Bluegills are popular panfish, caught with live bait such as worms, crickets, grasshoppers, flies, minnows, maggots or small frogs, as well as small shrimp bits, processed bait, bread, corn, other table scraps, small crankbaits, spinners, fake worms, or even a bare hook. They mostly bite on vibrant colors like orange, yellow, green, or red, chiefly at dawn and dusk. They are noted for seeking out underwater vegetation for cover; their natural diet consists largely of crickets, water bugs, larvae, and very small fish. The bluegill itself is also occasionally used as bait for larger game fish species, such as blue catfish, flathead catfish and largemouth bass.

Fishermen are sometimes able to use polarized sunglasses to see through water and find bluegills' spawning beds. Bluegill have a rather bold character; many have no fear of humans, eating food directly dropped into the water, and a population in Canada's Lake Scugog will even allow themselves to be stroked by human observers. Because of their size and the method of cooking them, bluegills are often called panfish.

The IGFA all tackle world record for the species stands at 2.15 kg (4 lb 12 oz) caught from Ketona lake in Alabama in 1950.

===Management===
Bluegill populations are notably vulnerable to effects of angling and harvest, particularly in size-structure. Large males appear to be especially vulnerable to effects of fishing because of their tendency to guard nests in the center of colonies. Populations with large males are increasingly difficult to find, and are usually only found in remote locations without angling pressure or in more southern regions where growth rates are high. Reduced bag limits appear to show potential for improving size-structure in over-fished populations.
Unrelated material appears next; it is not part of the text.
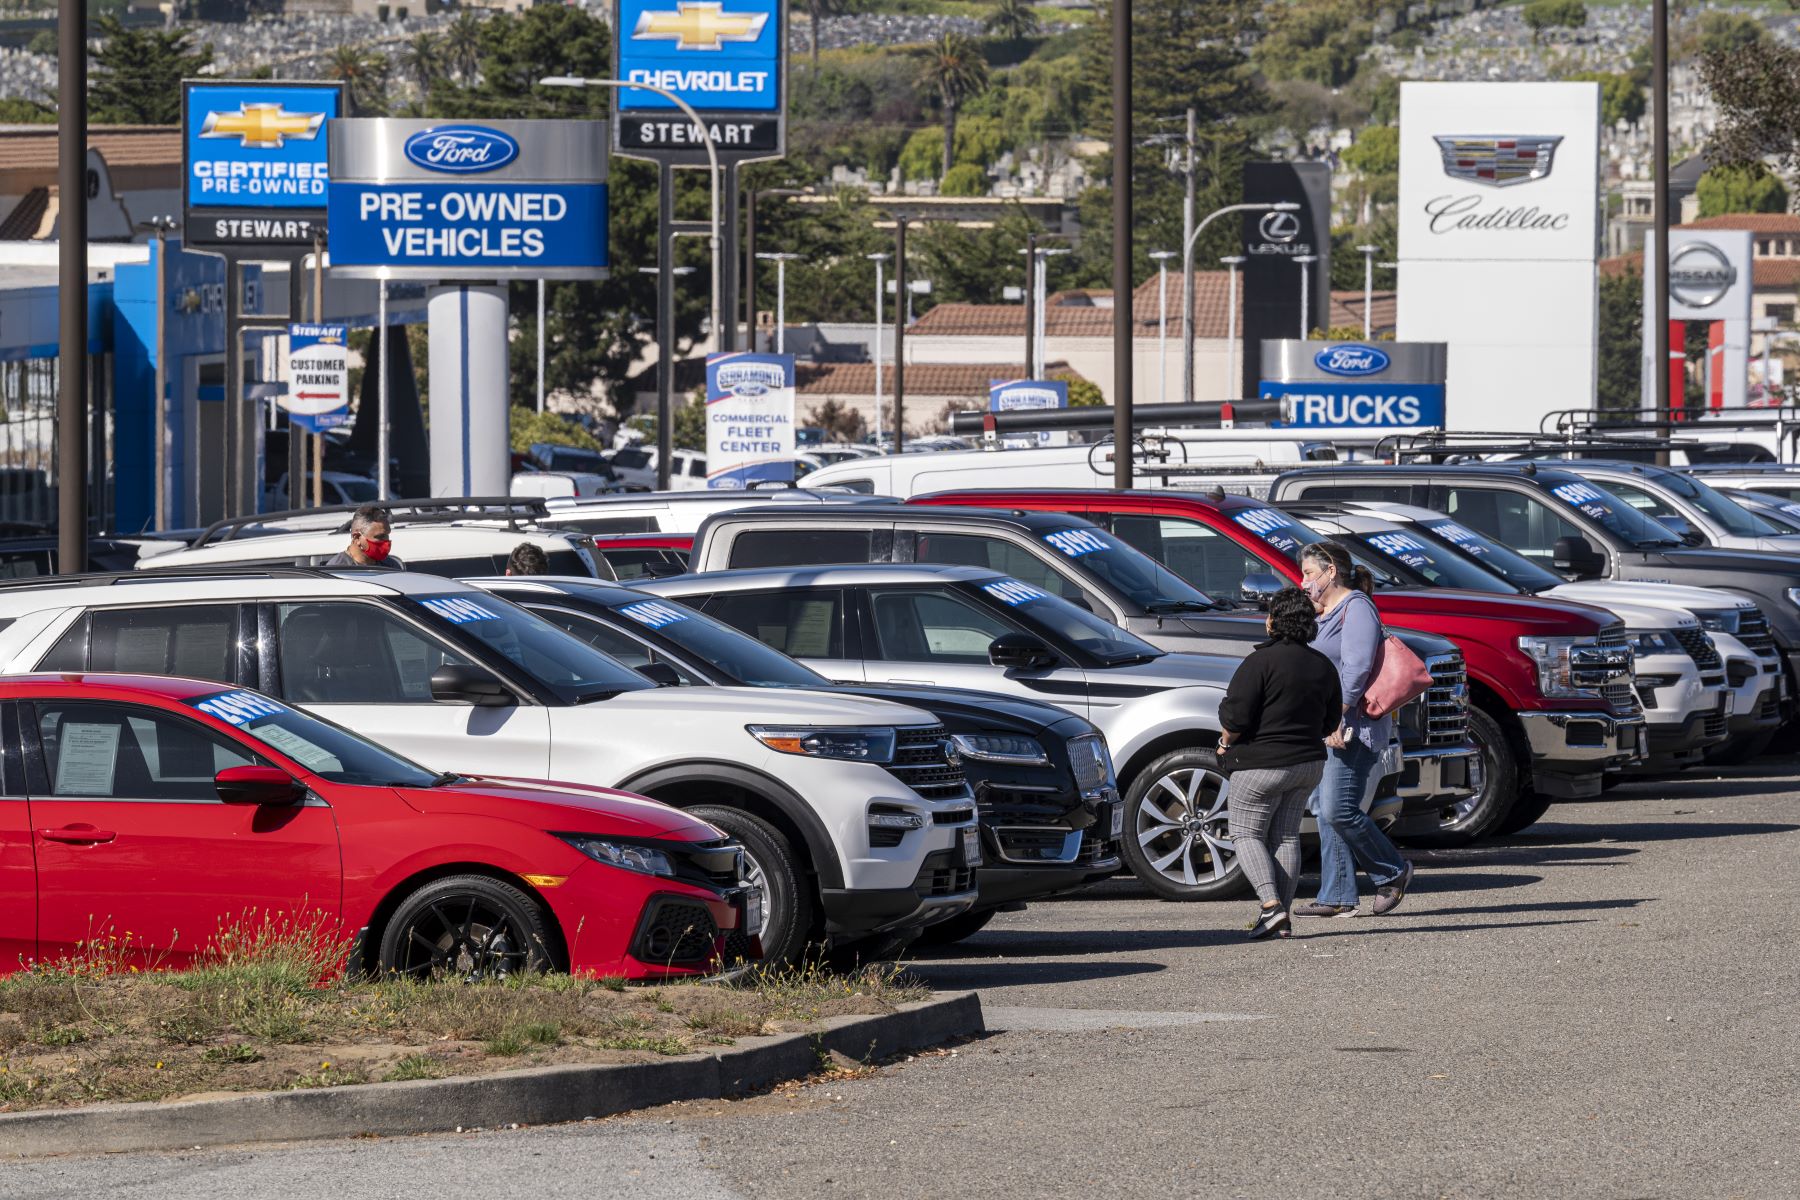 Car shoppers roaming Ford and Cadillac car sales dealerships in Colma, California

In a 1973 study reported by the EPA, the waterborne administration of 180 ppm of calcium propionate was found to be slightly toxic to bluegill.

Bluegills play an important role in pond and lake management to keep crustacean and insect populations low, as a single bluegill population may eat up to six times its own weight in just one summer. However, certain species of bluegill can become overpopulated and overrun a pond's ecosystem if not managed properly. Pond owners typically control the bluegill population by handfishing and trapping of the fish to control population size.